Sedat Peker’in anlattıkları arasında sağ iktidarları az çok tanıyanları şaşırtacak bir durum yok. Mafya - devlet ilişkileri, üzeri örtülen suçlar, uyuşturucu satışından cinayetlere organize suç ve bunların tam ortasında siyasi iktidarın kadroları… Yine de Peker’in videoları başka açılardan siyasi iktidarın güncel durumunu açığa çıkarıyor.

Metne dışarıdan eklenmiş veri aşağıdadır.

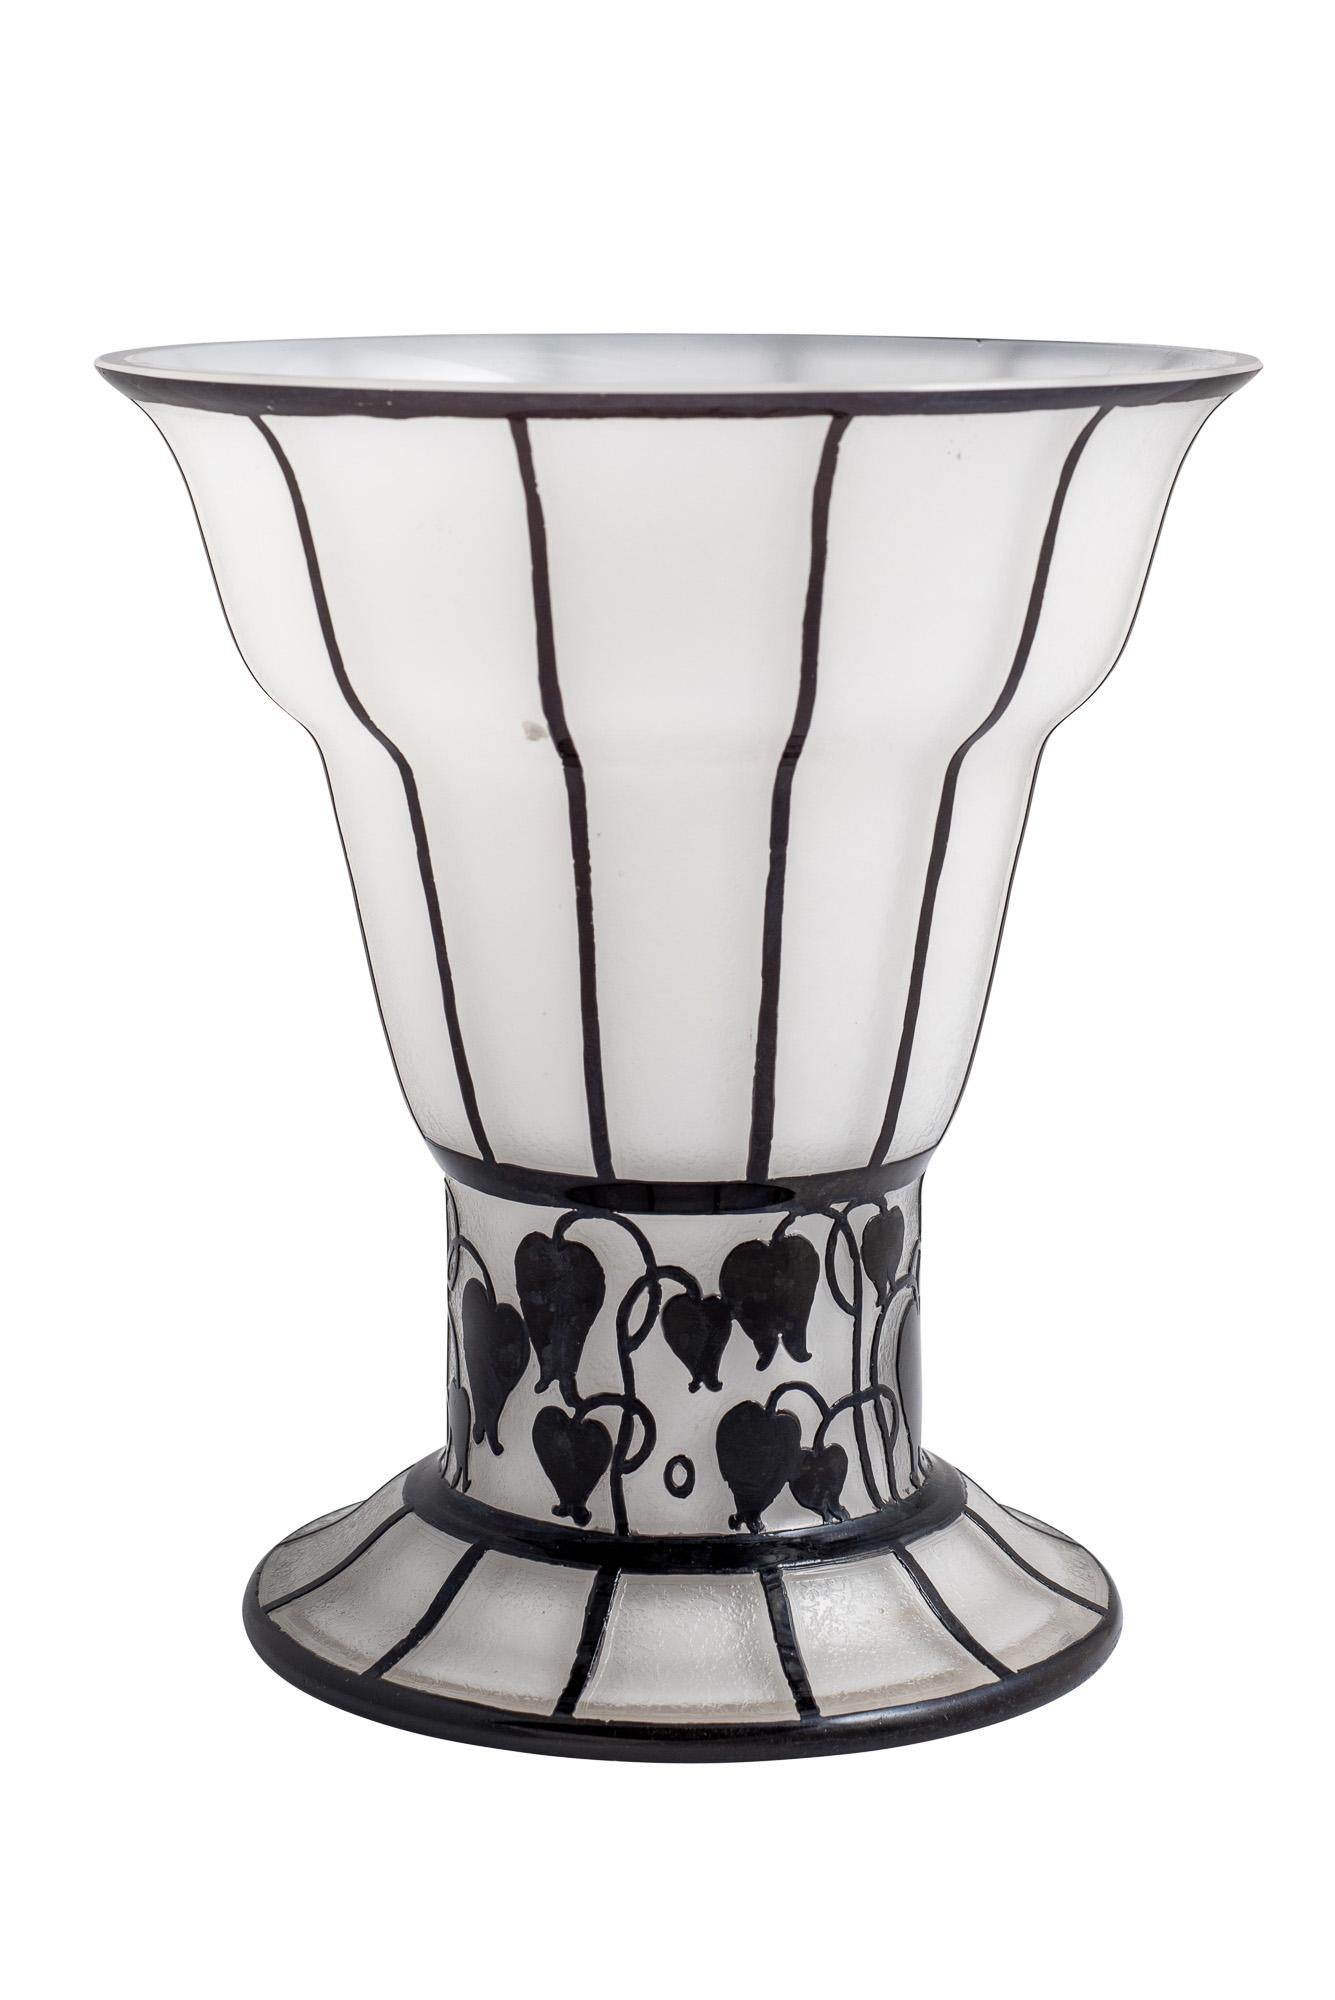 Austrian Jugendstil glass goblet with etched decoration Opel black ca. 1915 designed by Hans Bolek manufactured by Johann Loetz Witwe

Between 1912 and 1917, the architect Hans Bolek supplied numerous form and decor designs for the glass

Bunlardan ilki, iktidarın çıkarları farklı grup ve kişilerin bir bileşkesinden oluşmasıdır. Peker’in önce yurtdışına kaçmak zorunda kalması, şimdi de iktidarla alakası olan birçok kişi ve grubu suçlayan videolar çekmeye başlaması bu parçalı yapının kırılganlığını tekrar hatırlattı. Güncel olarak bu parçalar arasındaki sorunlar o kadar artmış durumdaki, bir dönem önce Barış Akademisyenleri’ni tehdit eden, öne çıkarılıp savunulan Peker şimdi yurtdışından videolar çekip gündeme gelmeye ve kendini korumaya çalışıyor. Peker’in gözden çıkarılmasının asıl nedenlerini şu anda varsayımlar dışında net olarak bilemeyiz. Ama kesin olan şudur: Devletin bu mafyatik kişilerle ilişkisi tek koldan yekpare şekilde yürümüyor. AKP içindeki farklı gruplar bu kişileri kendi amaçlarına göre öne çıkarıyor, kullanıyor, gerekirse de gözden çıkarıyor. Burada neredeyse tek belirleyen de maddi çıkarlar gibi gözüküyor. Uyuşturucu ticareti, gasp, kara para, kirli çıkarlar… Asıl tartışma noktaları bunlar.
Peker daha birkaç yıl önce AKP iktidarının mafyatik kolunun sözcüsü gibi ortaya sürülüyor, muhalefeti açıktan tehdit ediyordu. Bu nedenle yaklaşan bir faşizmin unsurlarından olacağı çokça yazılıp çizilmiştir. Ama bugün görünen durum neredeyse bunun tam tersi. Bırakalım iktidarın bir unsuru olmayı, Peker kendini korumaya almak için muhalefet kamuoyunu arkasına almaya çalışıyor. Bu elbette geçen süreçte iktidarın güçlendiğini değil, güçsüzleştiğini gösteriyor. İktidarın yapabileceklerini somut durumlardan anlamaya çalışmak yerine mafya bozuntularının ve meczupların temelsiz tehditlerinden çıkarmaya çalışmanın yanlışlığı da kanıtlanmış oluyor. İktidarın gücünü abartan bu değerlendirmeler yerine somut durumlardan ve tahlillerden yola çıkan ve iktidarın nasıl geriletileceğini merkezine alan değerlendirmeler yapılsaydı bu hatalara daha az düşülürdü.
Peker, faşizmin kurumsallaşmasının değil, ancak iktidar bileşenlerinin çözülüşünün kanıtı olabilir. Anlattığı olaylar kimse için sürpriz olmamalı, ama neden ve nasıl bir konumda anlattığı, iktidar bileşenleri arasında çatlakları göz önüne serdiği ölçüde dikkate değerdir.